Regulators or stakeholders demand auditability.
The cost of a wrong state transition is high.
You need to resume a partially-complete run without re-running earlier states.

Use a free loop when:

Flexibility matters more than auditability.
The task is exploratory.
You cannot enumerate the states in advance.

Hybrid systems — a state machine at the top level, with agent loops inside each state — are often the sweet spot.

8. Control-flow anti-patterns

Chatty subagents. A subagent that calls the parent back with clarifying questions usually indicates that the parent’s brief was too thin.
Hierarchies too deep. Five levels of subagent nesting is almost always a sign that the decomposition is wrong. Keep it to two or three.
Implicit shared state. If two sibling agents “both read the same file,” they are coupled in ways the parent cannot see.
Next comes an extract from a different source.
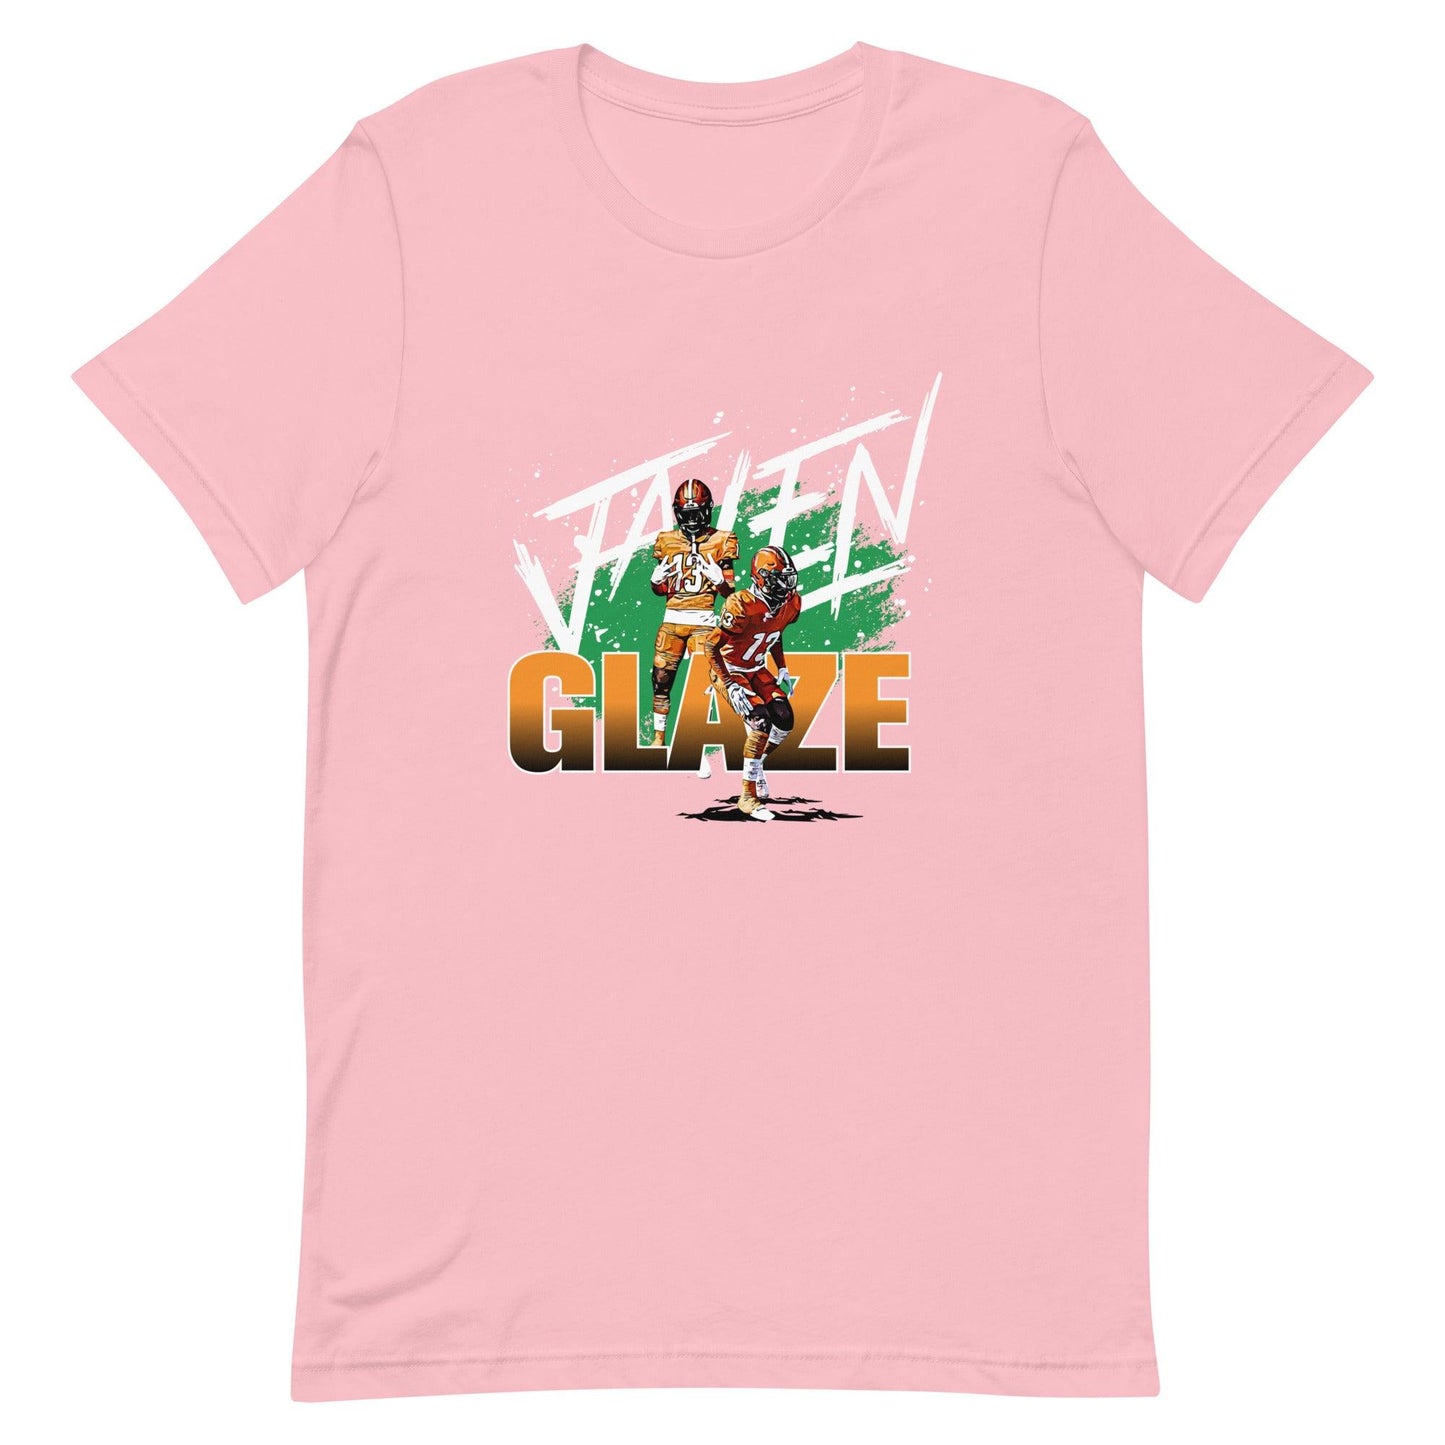 Jalen Glaze "Gameday" t-shirt - Fan Arch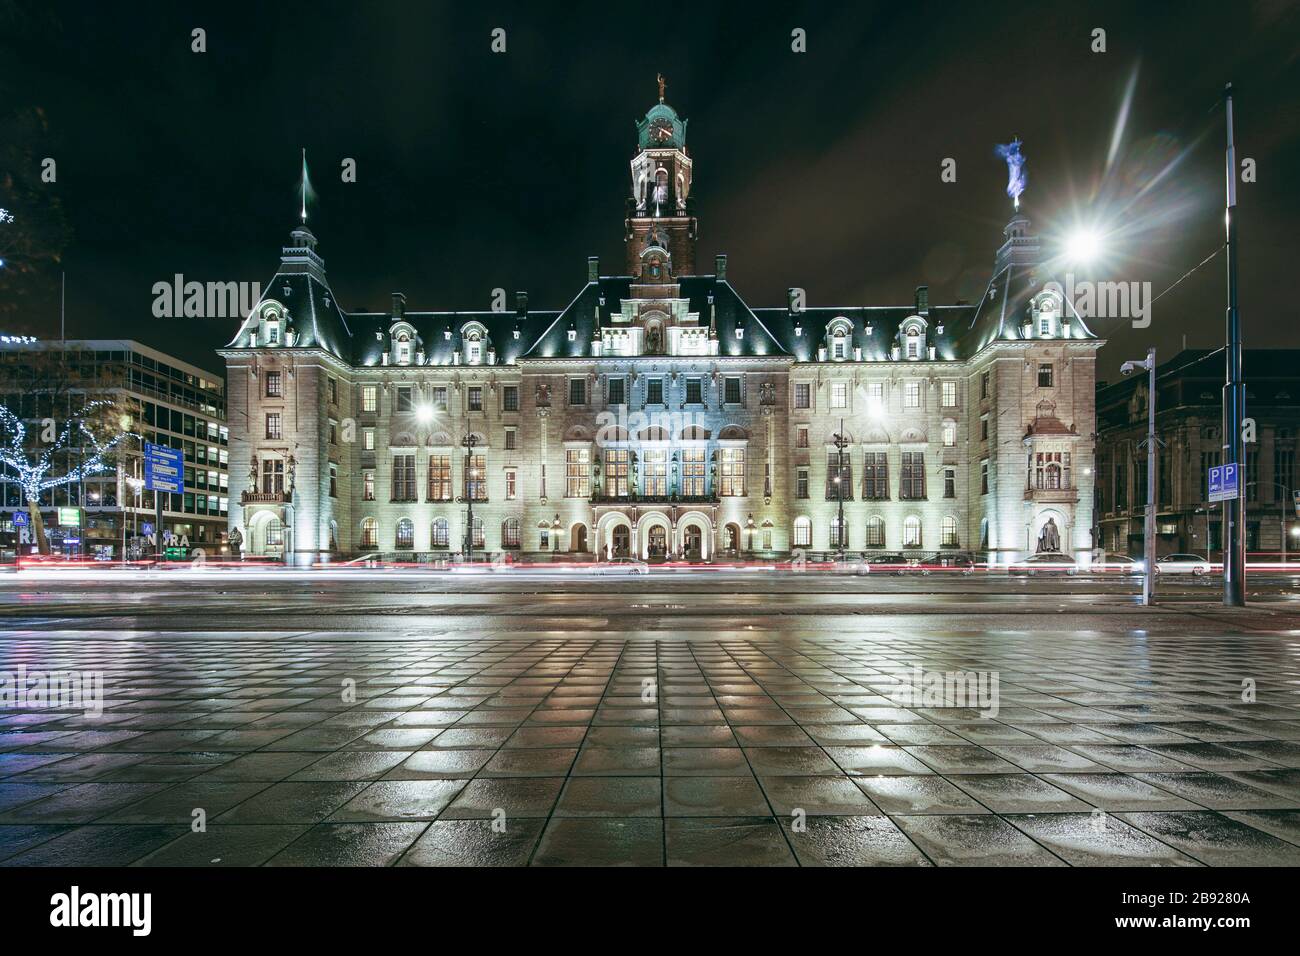 Stadhuis en el ayuntamiento de Rotterdam por la noche con franjas claras Foto de stock

Make shared dependencies explicit, ideally as inputs to the dispatch call.
Returning raw traces. If a subagent returns its entire transcript to the parent, you have paid for a subagent and received a tool call. Specify the return format.

Exercises

See exercises/04-subagents.md.

Convert the research tool from Module 02 into a subagent. Measure the parent’s context size before and after. Compute the compression ratio. When is it worth it?
Design a router-specialist system for a help-desk bot. Draw the graph. Implement the router as a small prompt and route to one of three specialists.
Take a working single-agent and add a critic loop. Measure quality change and turn count.

Open questions

Are subagents a form of recursion? If so, do we have a base case? (Budgets are the practical base case, but this is unsatisfying.)
When two agents disagree, who decides? (Voting? A judge agent? The user? This is a live research area.)
How should agents negotiate budgets — not just receive them?